Villager beaten after bridge burnt

A Princes Town man is liv­ing in fear af­ter a group of men broke in­to his house and beat him in front of his wife and two chil­dren, ac­cus­ing him of burn­ing a bridge in the vil­lage which left res­i­dents ma­rooned.

Luke Phangy­ou, 32, de­nied that he set fire to the bridge and plead­ed with Po­lice Com­mis­sion­er Gary Grif­fith to in­ter­vene in the mat­ter as he claimed the po­lice were not tak­ing his re­port se­ri­ous­ly.

Last Fri­day, the wood­en bridge near his home, at Buen In­ten­to Road, Gob­in Vil­lage, was set on fire.

Fire­fight­ers were able to ex­tin­guish the blaze. How­ev­er, on Tues­day the ar­son­ist re­turned and fin­ished the job.

The bridge has been cor­doned off as it is now im­pass­able. Speak­ing with Guardian Me­dia on Tues­day, Phangy­ou showed the bruis­es to his back and shoul­der.

“My whole head, my two legs swollen. All my back have in­juries. They drag me on the ground beat me with wood on my head.

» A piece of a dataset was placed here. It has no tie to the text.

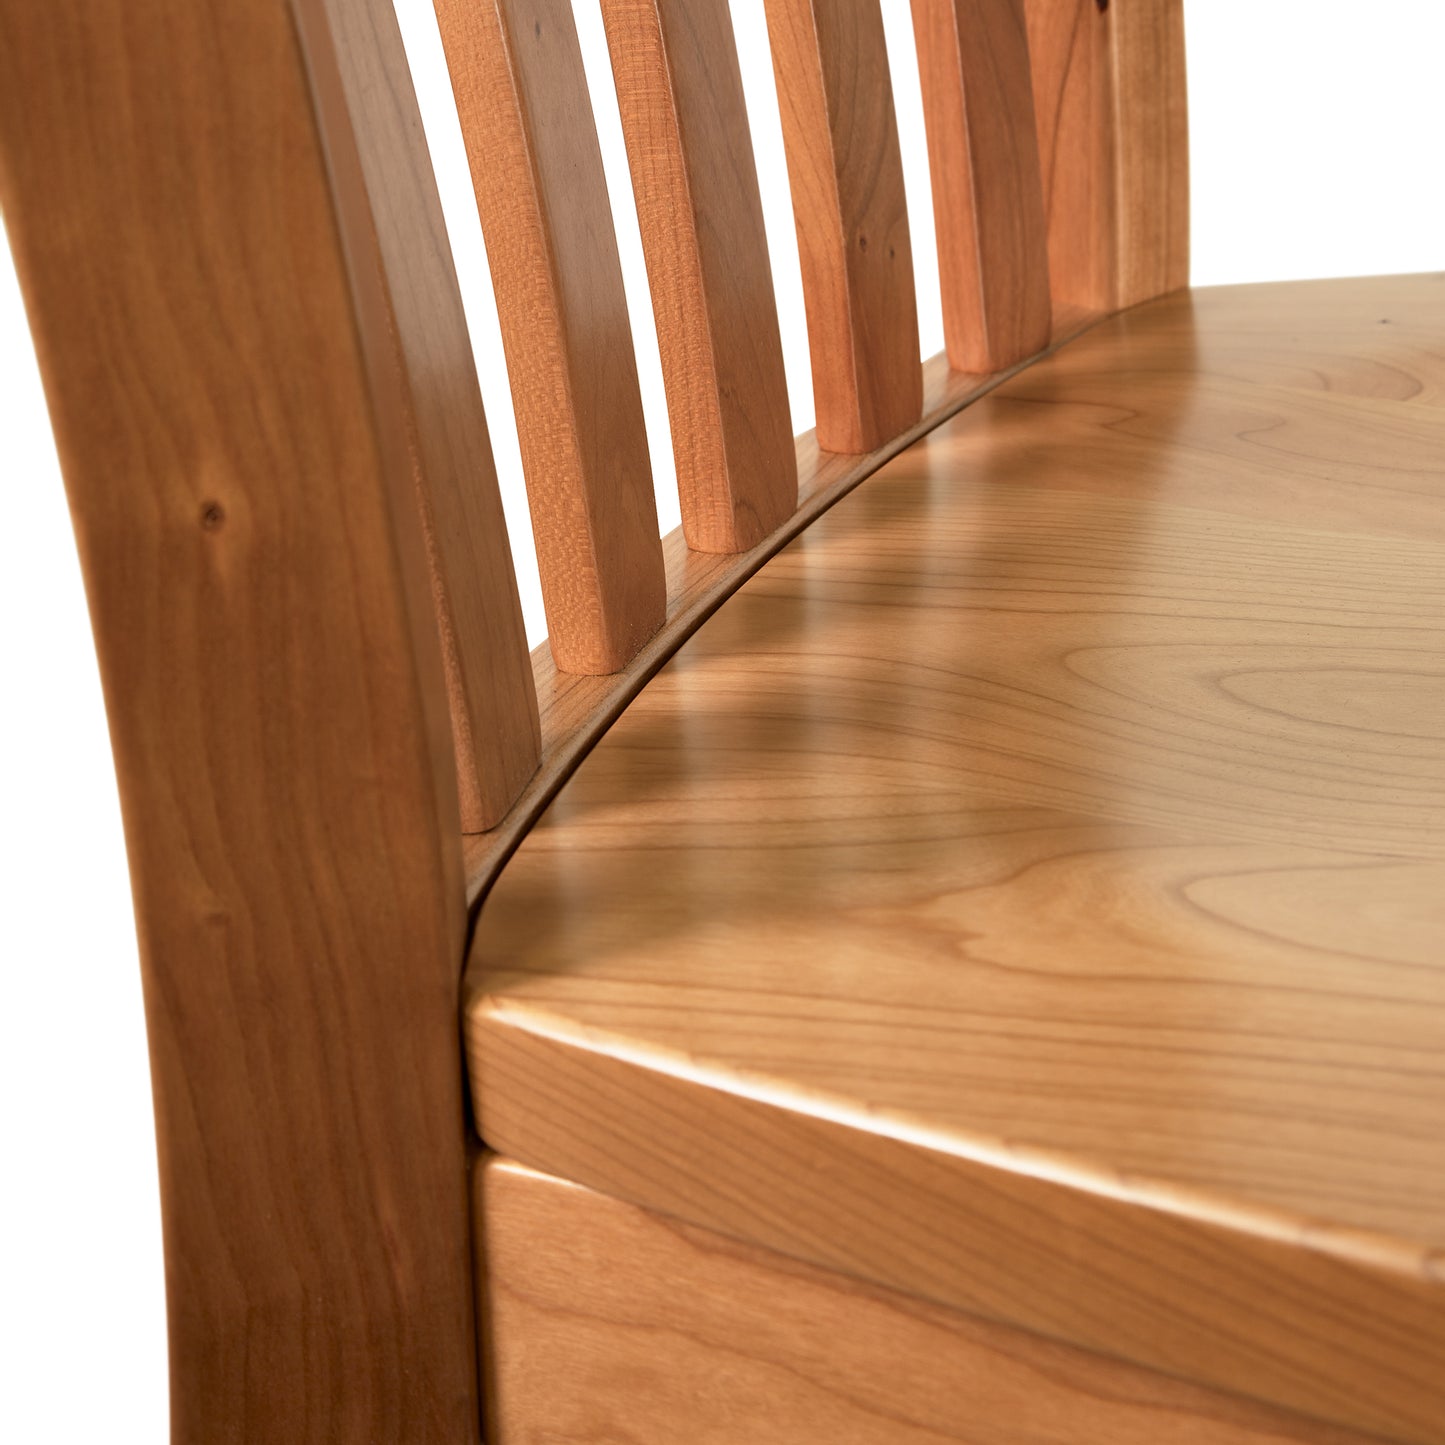 Close-up of a Vermont Woods Studios Country Shaker Chair with Wood Seat with a slatted back and a smooth, curved seat, highlighting the grain and natural finish of the wood.

They threat­en my wife and chil­dren and they say if I call the po­lice they go­ing to shoot­ing my house.”

Phangy­ou said the at­tack had noth­ing to do with the fire but stemmed from a re­port he made against one of the men for ha­rass­ing and threat­en­ing him.

Guardian Me­dia spoke to one of the men ac­cused of the in­ci­dent but he de­nied beat­ing Phangy­ou.

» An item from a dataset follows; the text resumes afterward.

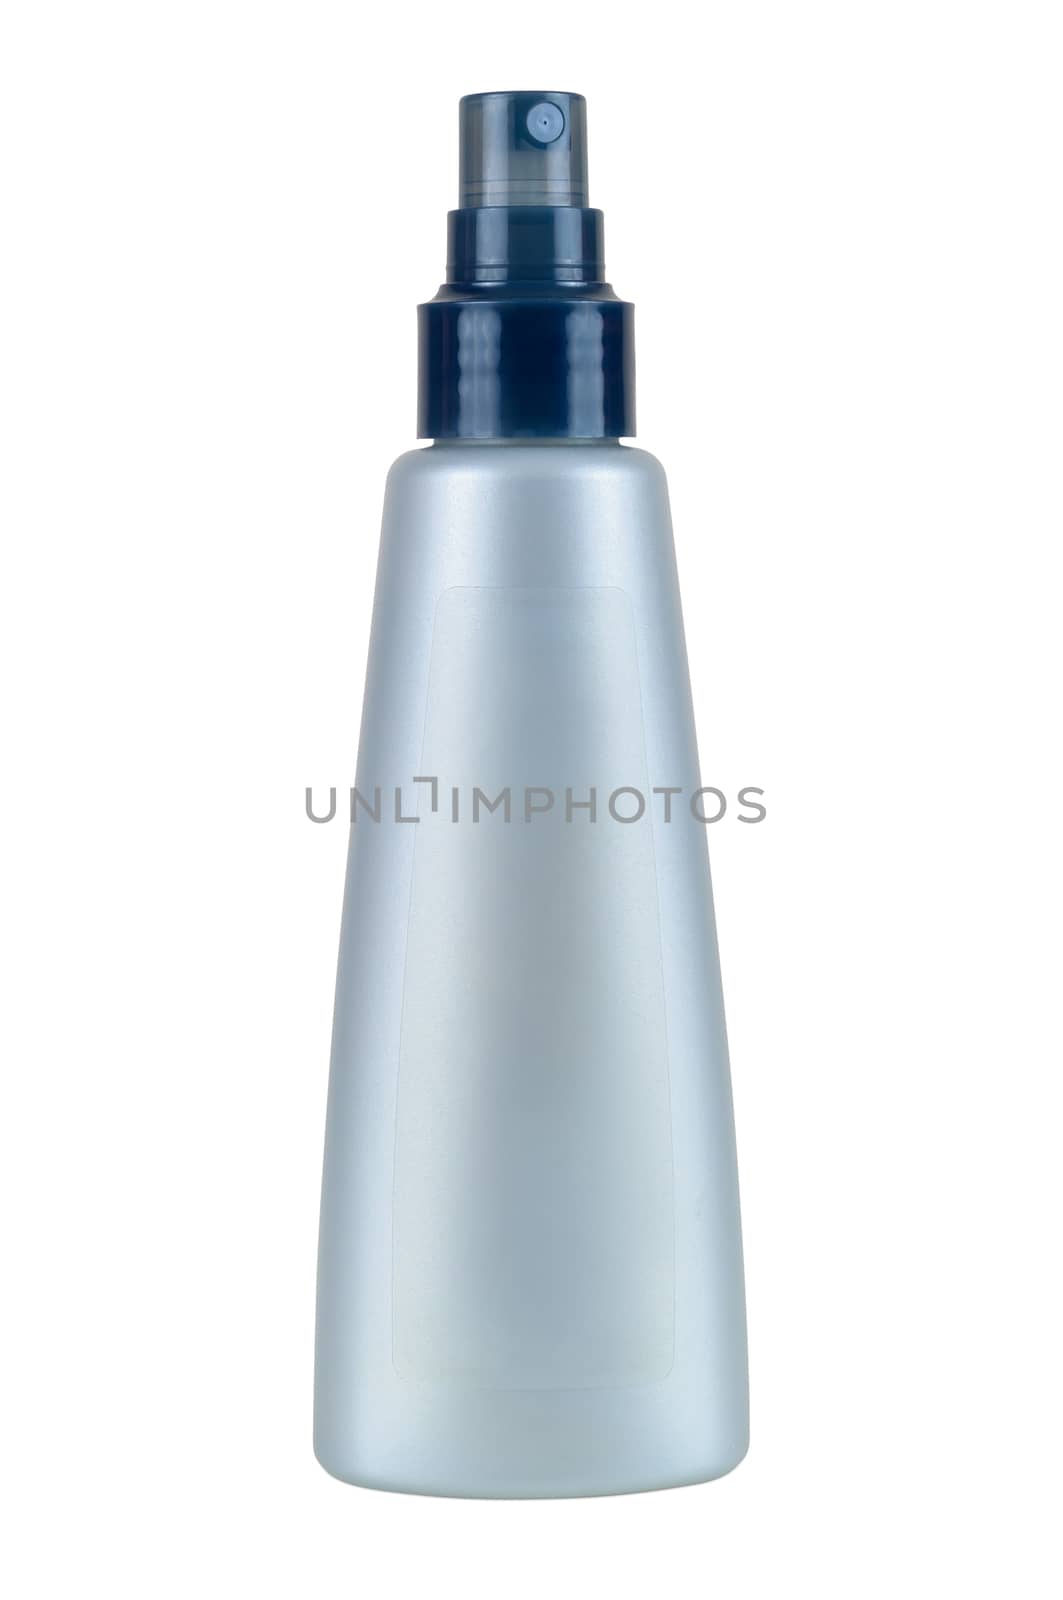 Plastic cosmetic bottle isolated on white background with clipping path

Re­call­ing the in­ci­dent, Phangy­ou, a wood­work­er, said on Fri­day night while he and his wife, Seema Ram­gob­in, 26, were at home with their chil­dren when they saw a fire brigade and a po­lice ve­hi­cle by the bridge.

At that time they thought the of­fi­cers were re­spond­ing to an ac­ci­dent. They put their daugh­ters, ages eight and nine months, to sleep and then re­tired to bed. How­ev­er, around 2 am on Sat­ur­day they were awak­ened by loud curs­ing and nois­es.

Phangy­ou said six men broke his door and ran in­to his house.

“They ask­ing me if I light the bridge on fire and they start to beat me non-stop with all kind of thing and any­thing they get in their hand on.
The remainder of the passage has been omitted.